**WHAT YOU NEED TO DO**
Output the data below exactly, images excluded.

**PROVIDED DATA**
______________________________
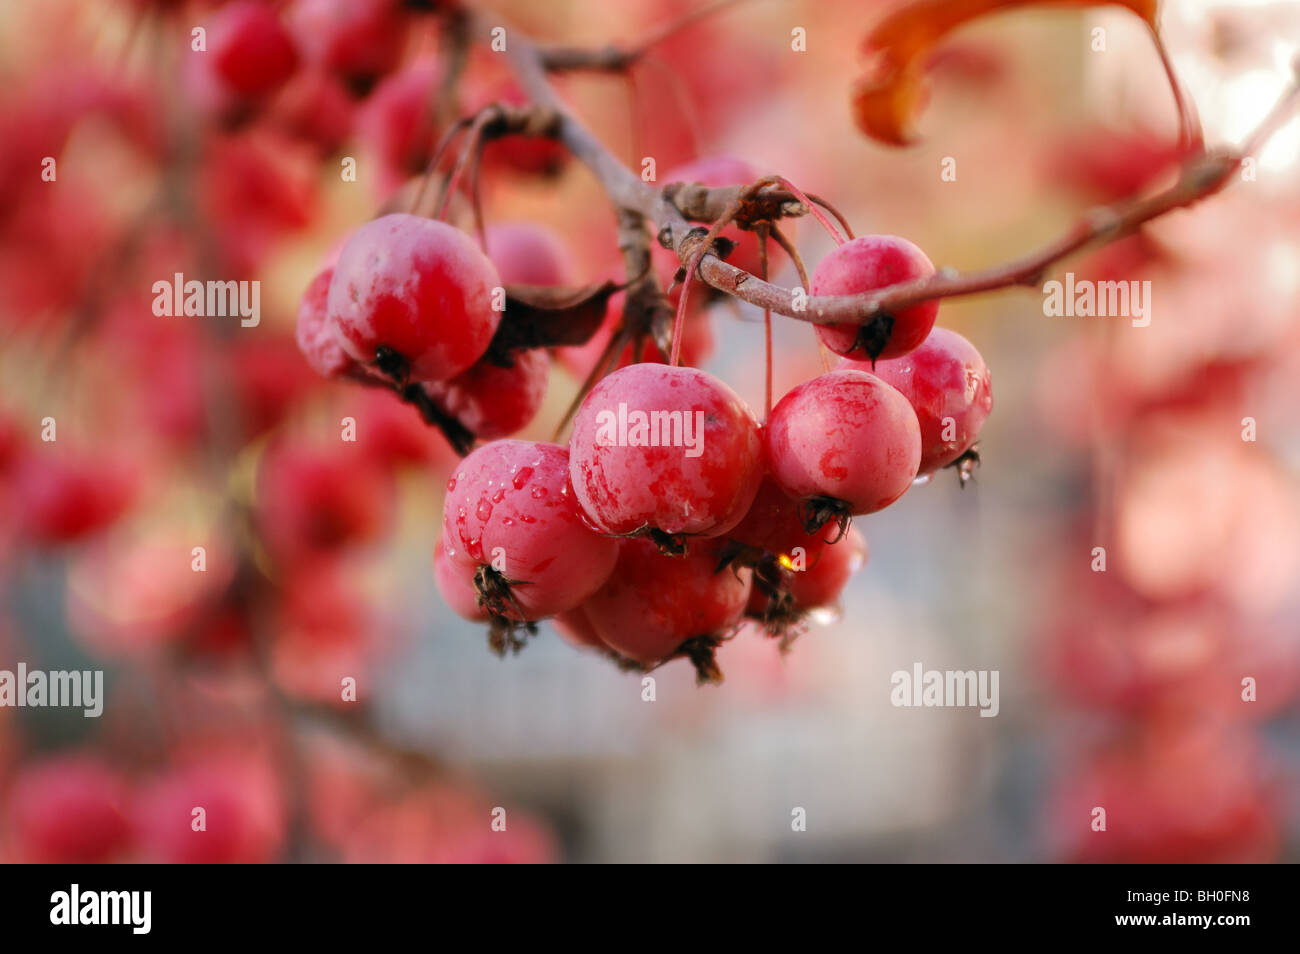 A branch of crab apple tree with bunch of ripe red fruits on a blurry background Stock Photo
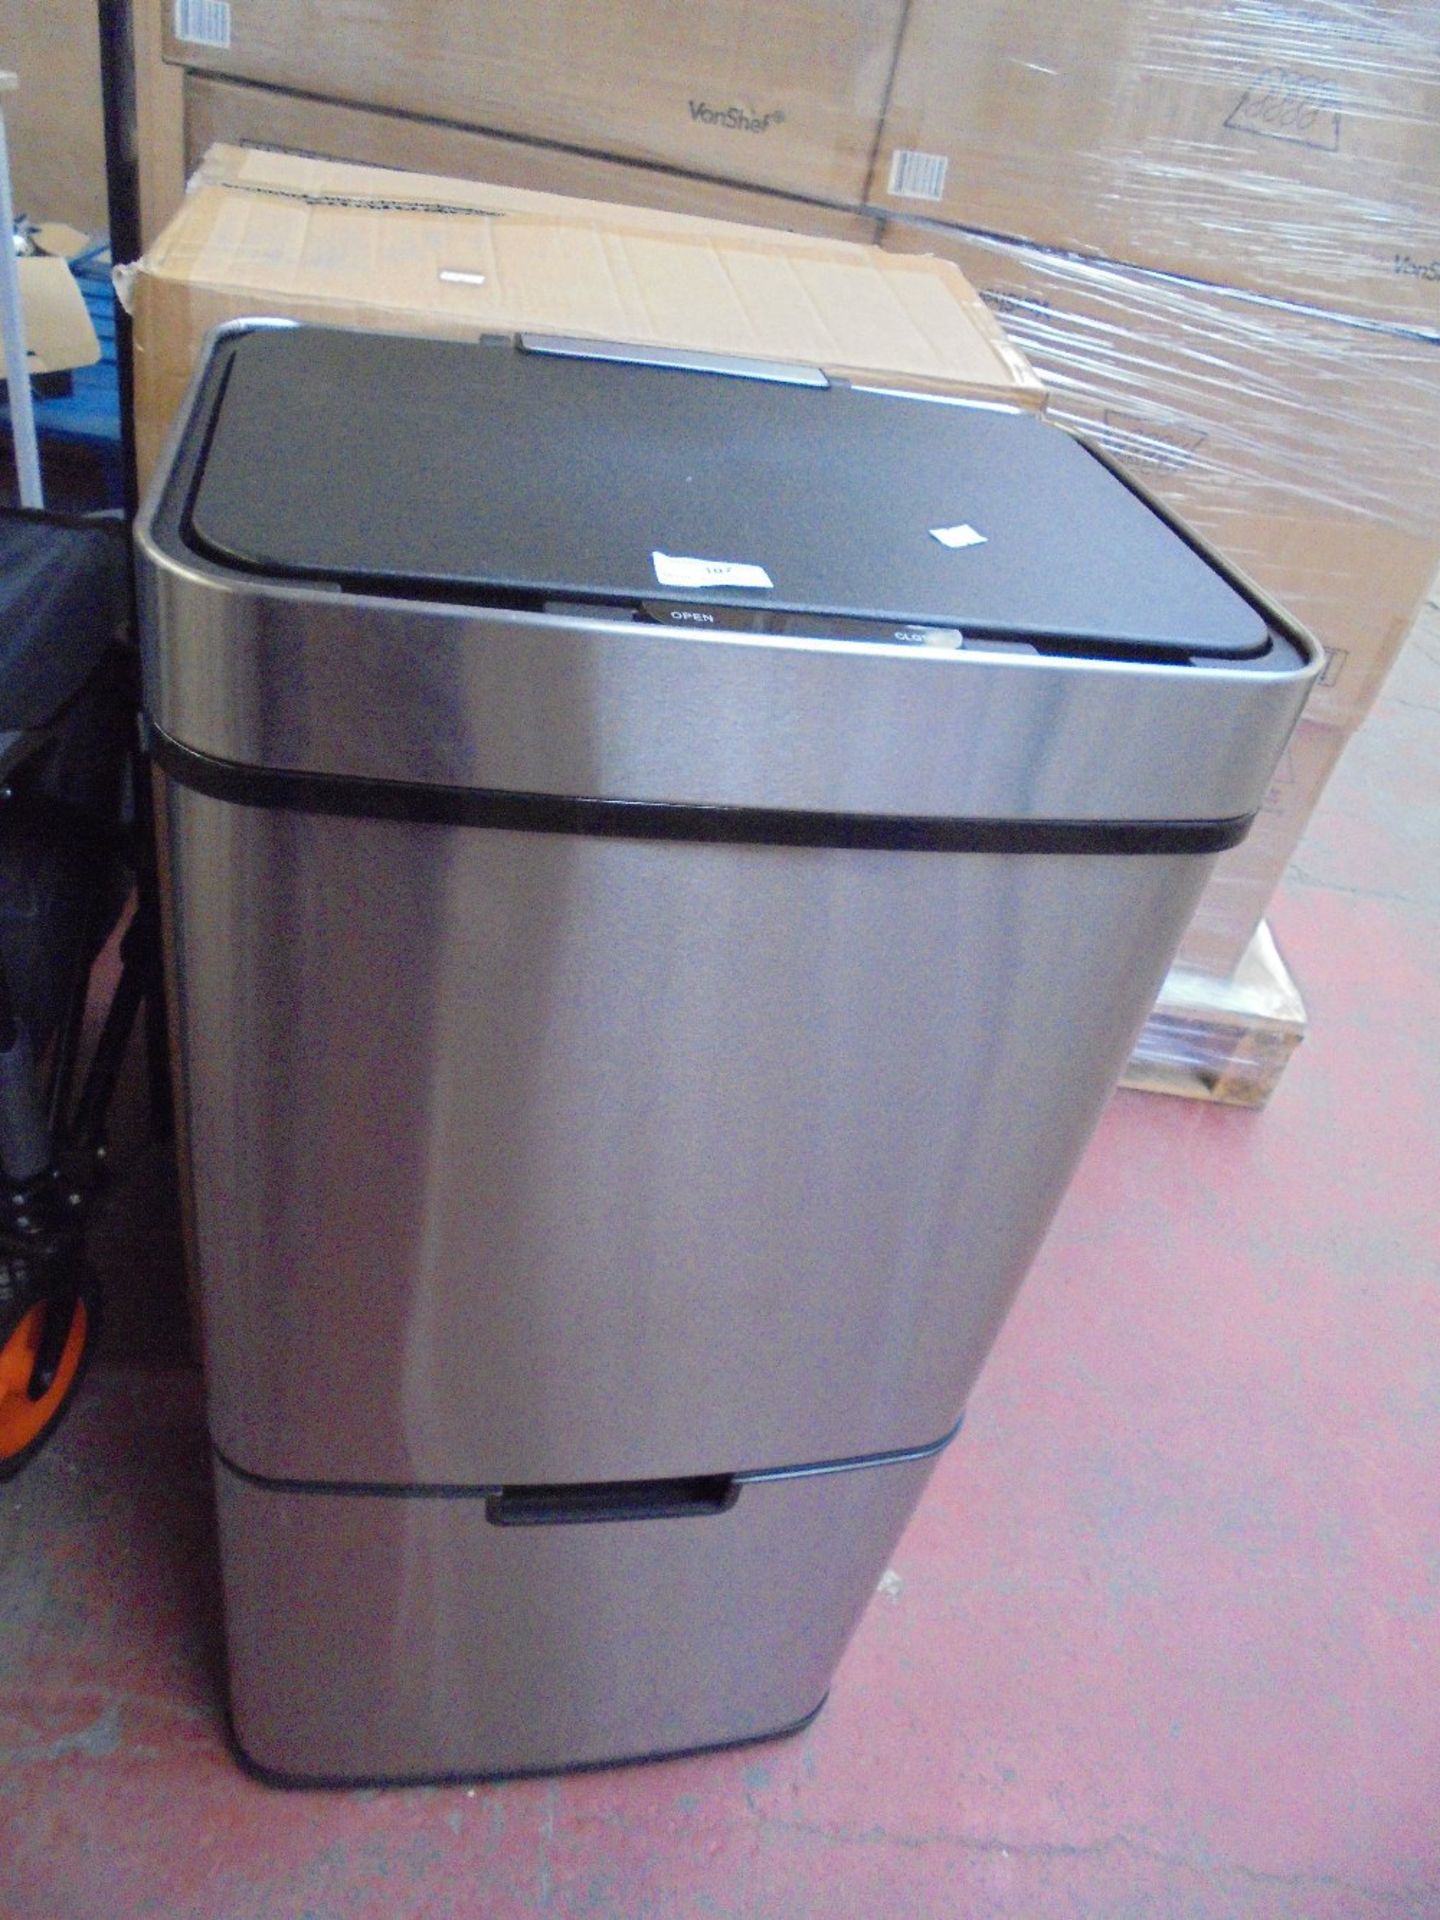 72ltr Recycling Sensor Bin new & boxed  Please note by Bidding on this item you agree to the
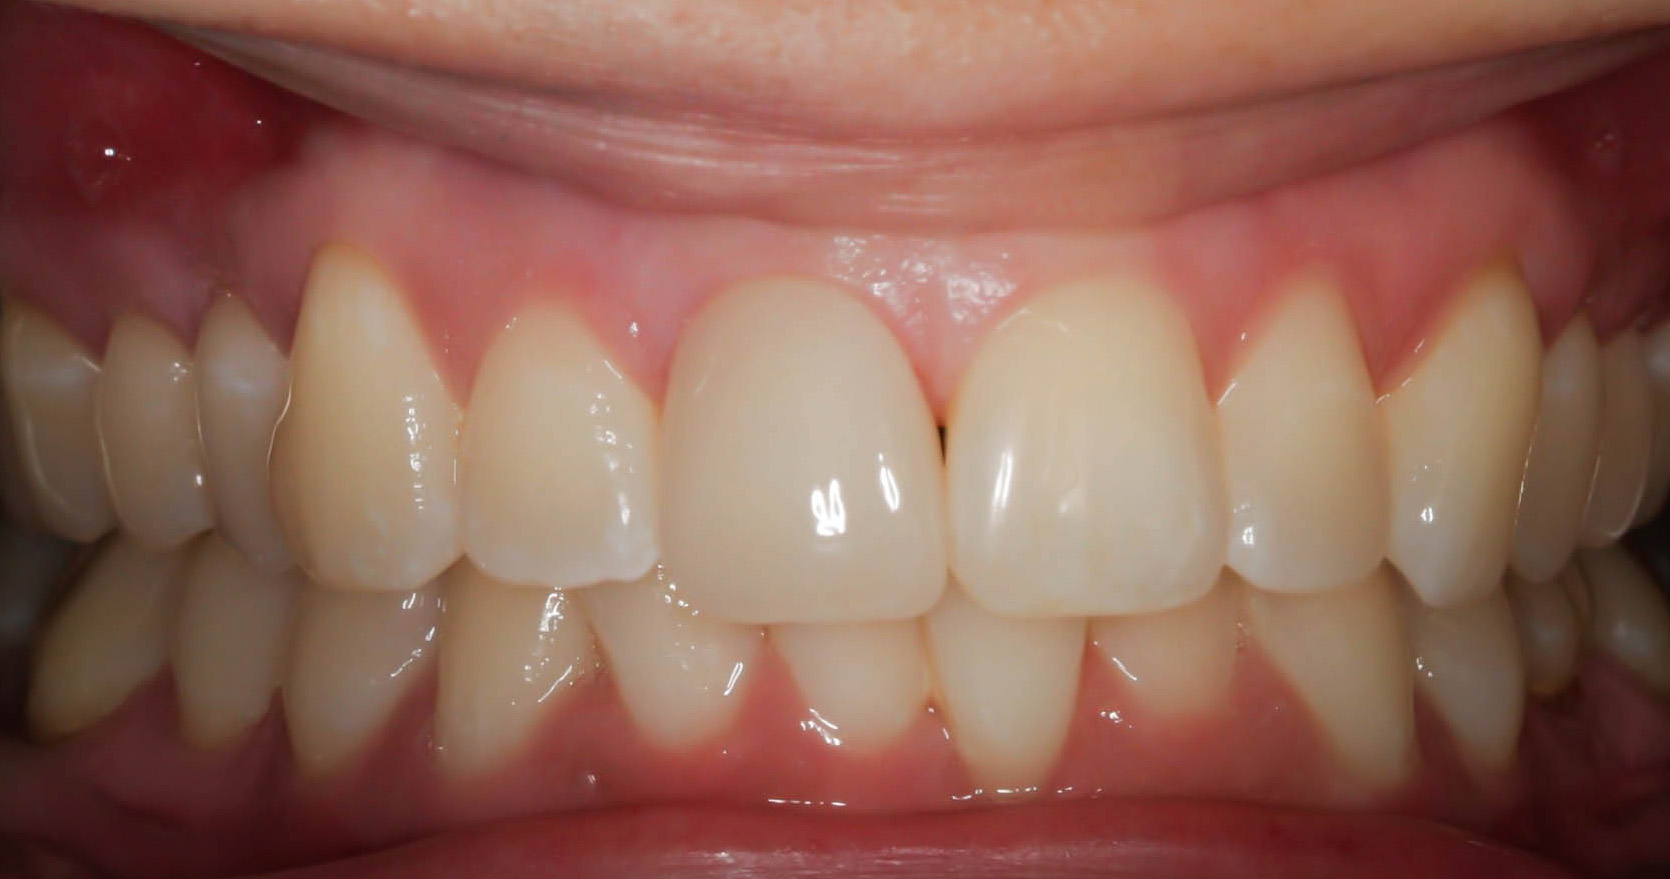 Single tooth crown to enhance esthetics -- the After photo
______________________________
**PROBLEM SOLUTION**
 A branch of crab apple tree with bunch of ripe red fruits on a blurry background Stock Photo
 72ltr Recycling Sensor Bin new & boxed  Please note by Bidding on this item you agree to the
 Single tooth crown to enhance esthetics -- the After photo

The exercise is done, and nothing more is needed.